In an op-ed for The Australian Financial Review, Mr Frydenberg wrote that Australia’s ageing population was an economic time bomb that would “place new demands on our health, aged care and pension systems”.
He said this was partly because the ratio of working-age Australians to people aged over 65 was expected to fall to just 2.7 to 1 over the next four decades.
But Dr Stanford, who is the director of the Centre for Future Work, dismissed the Treasurer’s argument as “tired, misleading rhetoric”.
“His clichéd warning that somehow we’re going to run out of workers because people are getting old – it’s just economically wrong,” Dr Stanford said.
“We have a situation right now in Australia where there’s probably three million Australians who would like to work more than they are – including unemployed, underemployed, and people who haven’t even started looking because they don’t think there are jobs out there.”
The New Daily contacted the Treasurer’s office for comment, but didn’t receive a response.
The motivations behind the policy
According to Dr Stanford, the Treasurer’s “scare campaign” is a misguided attempt to reduce the cost of the aged pension.
He said the government should instead focus on growing the economy and creating jobs, so that it could comfortably cover its citizens’ retirement costs.
“The government and the Reserve Bank have got a responsibility … to use their policy tools to make sure there’s enough spending power in the economy to absorb all those workers [looking for more work], but they’ve been more concerned with other priorities,” Dr Stanford said.
“Frydenberg is going to stand up and pound his chest about balancing the budget.
“But that budget was balanced at the cost of the hardship of three million Australians, who want to [be working more] and should be working [more].”
The aging population is only a "ticking time bomb" if you lack the skills to have policies that:
. boost workforce participation,
. boost superannuation savings,
. boost wealth & home ownership,
. reform the tax system so older people use their estate to fund their longevity
— Stephen Koukoulas (@TheKouk) November 19, 2019
Callam Pickering, APAC economist with global jobs site Indeed, agreed more jobs are needed.
But he said it made sense for Treasurer Frydenberg to discuss Australia’s ageing population before the demographic shift significantly affected the economy.

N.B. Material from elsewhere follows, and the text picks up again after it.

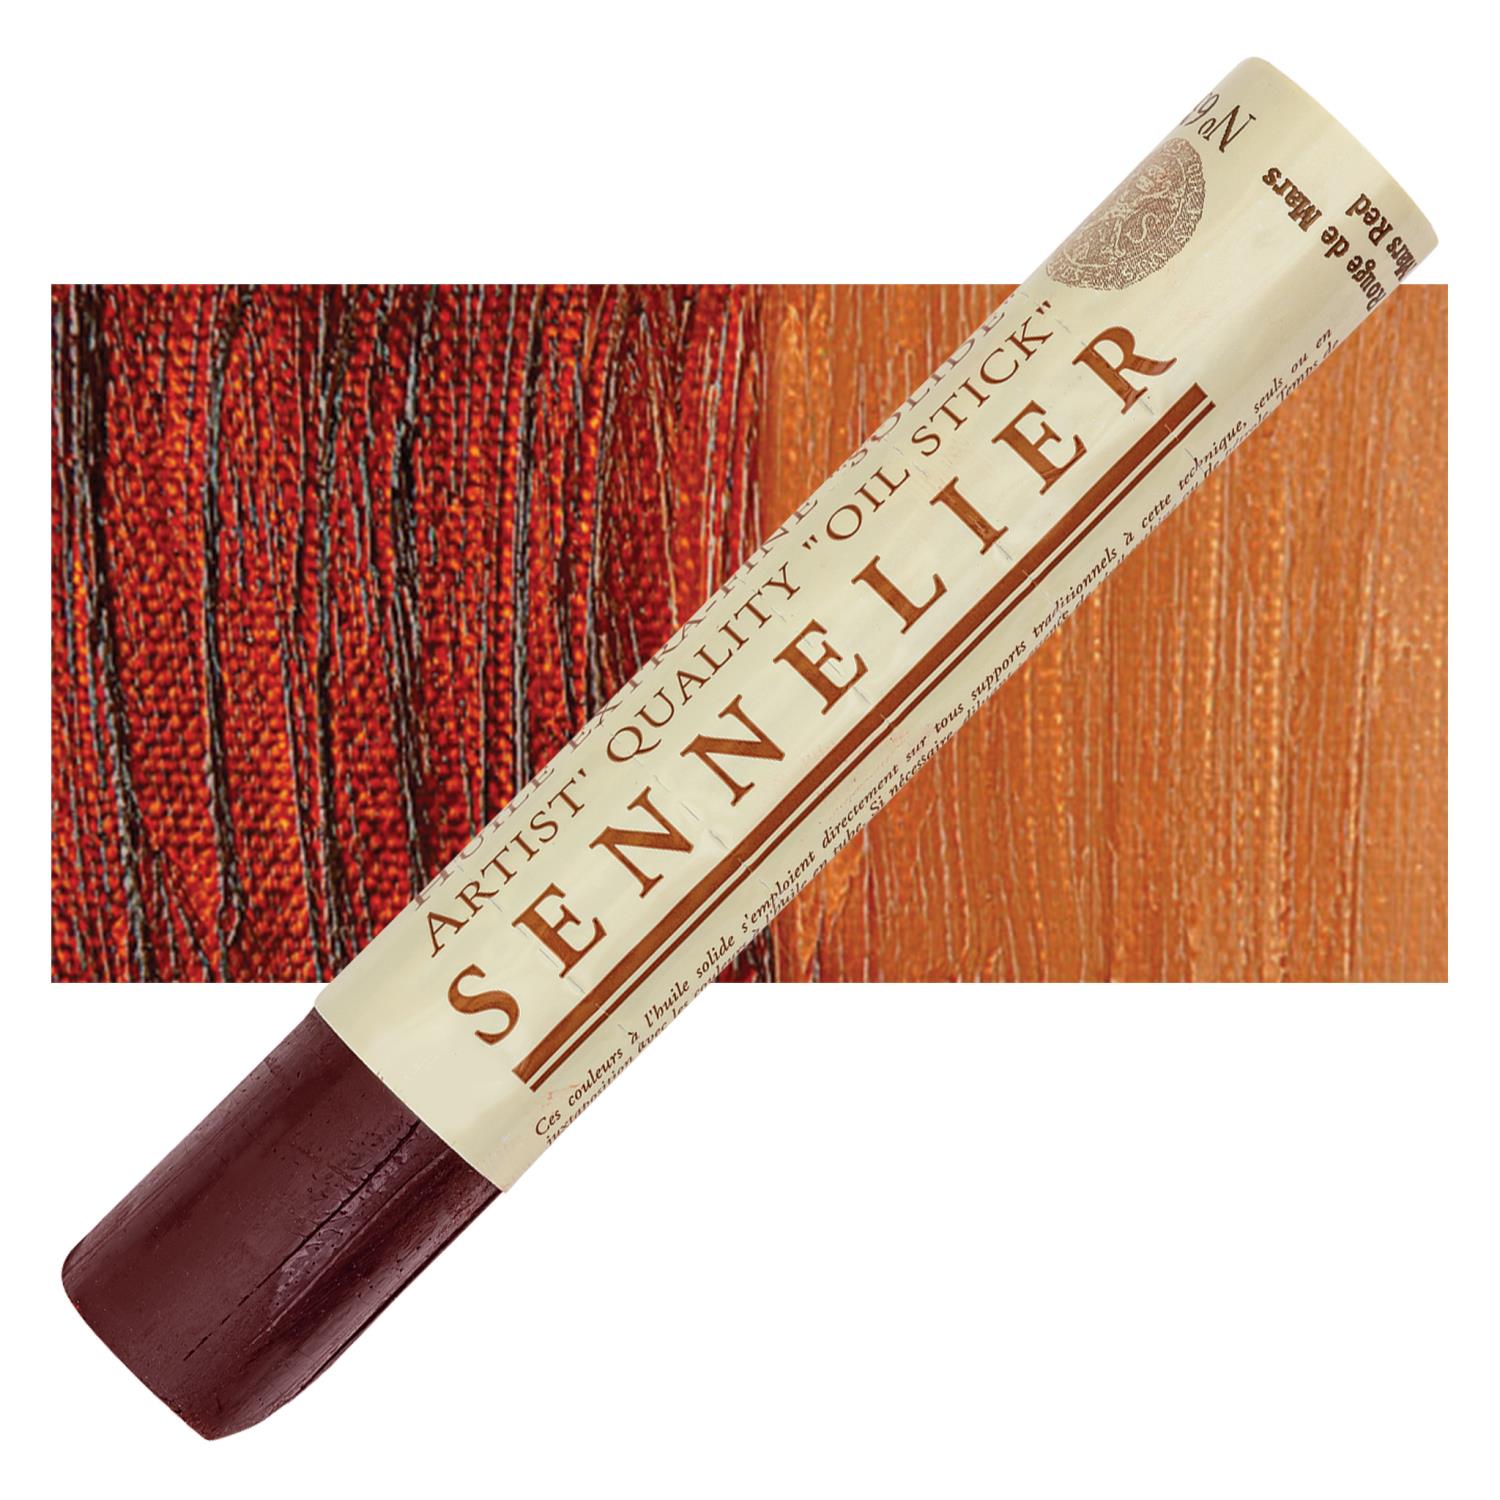 Sennelier Artist Oil Stick 38ml - 631 Mars Red S1 utgår

Australia’s unemployment rate ticked up to 5.3 per cent in October, after 19,000 jobs were lost from the economy.
And a range of economic indicators suggest the level of unemployment could rise even higher over the next three to six months.

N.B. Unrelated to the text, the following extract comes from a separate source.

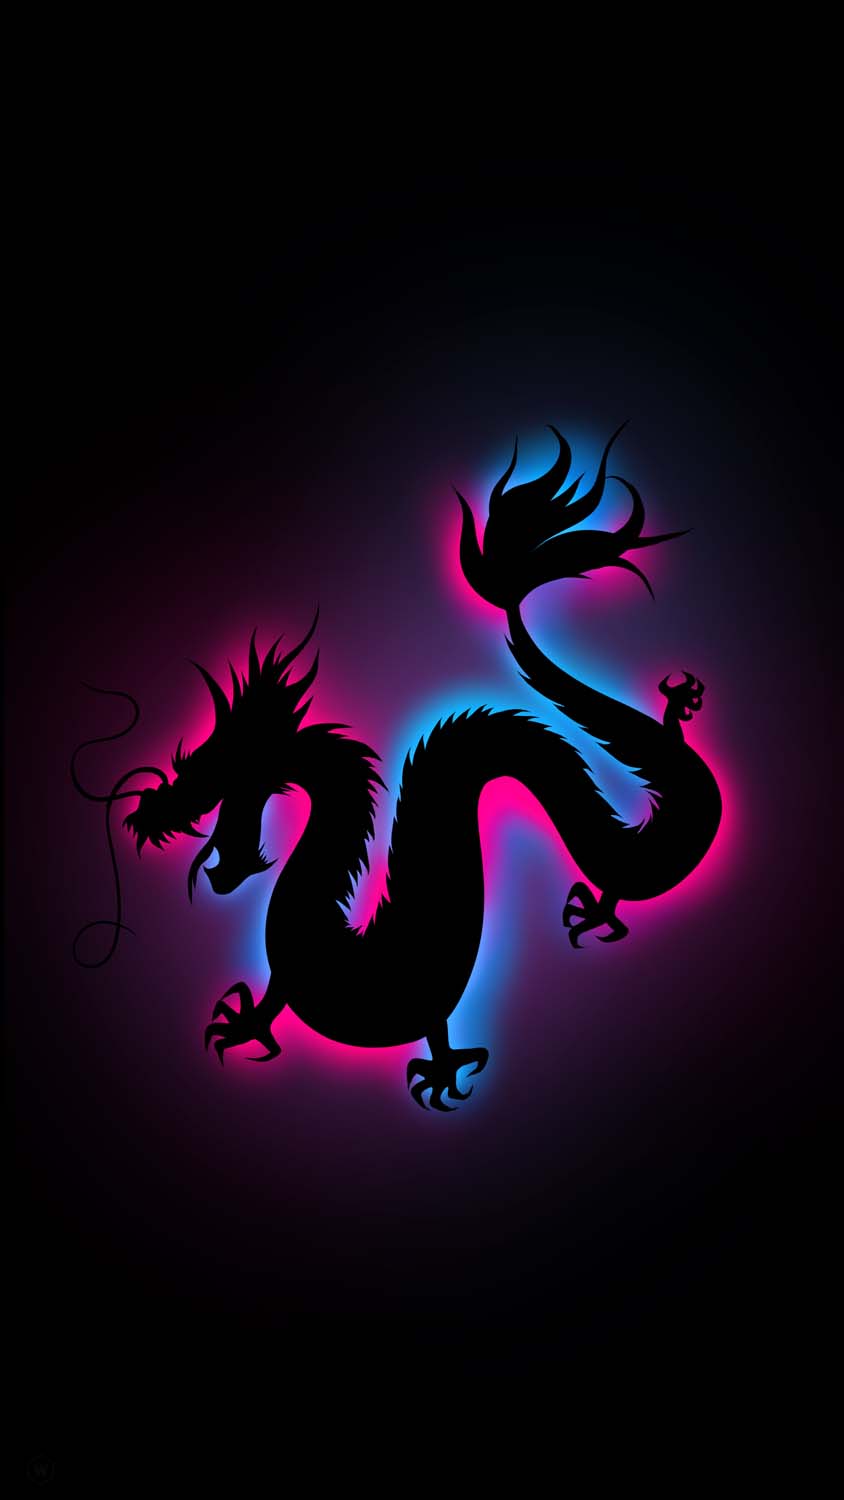 Dragon Shadow IPhone fond decran HD

Reversing this trend would require strong jobs growth, Mr Pickering said.
But a rapidly ageing population means Australia might run into labour shortages over the next decade or two.
“We know the impact of ageing on the Australian economy will get larger over time. We have seen that,” Mr Pickering told The New Daily.
“It gets a little bit bigger each and every year – and so it makes sense to recognise the issues early, and then take steps to address them in whatever policies the federal government deems appropriate.”
Mr Pickering said governments would face a tall order in getting Australians to work for longer, though.
While the Australian economy’s gradual transition from physically demanding jobs to desk-based roles has enabled Australians to work for longer, discriminatory hiring practices mean those made redundant in later life usually struggle to find another job.
Older Australians are terrified of losing their jobs in their 50s and 60s because they know how hard it is to get back into the workforce,’’ Mr Pickering said.
“Businesses have become better at employing older people, but I think there still are some ageist issues there – that is, if they have a candidate who is 40 and a candidate who is 55, they’ll inevitably lean to the younger candidate, even if they don’t have the same skills or experience.
“That sort of thinking will need to adjust in coming decades, because if it doesn’t, there’s going to be rising skills shortages and businesses are going to struggle to fill some roles.”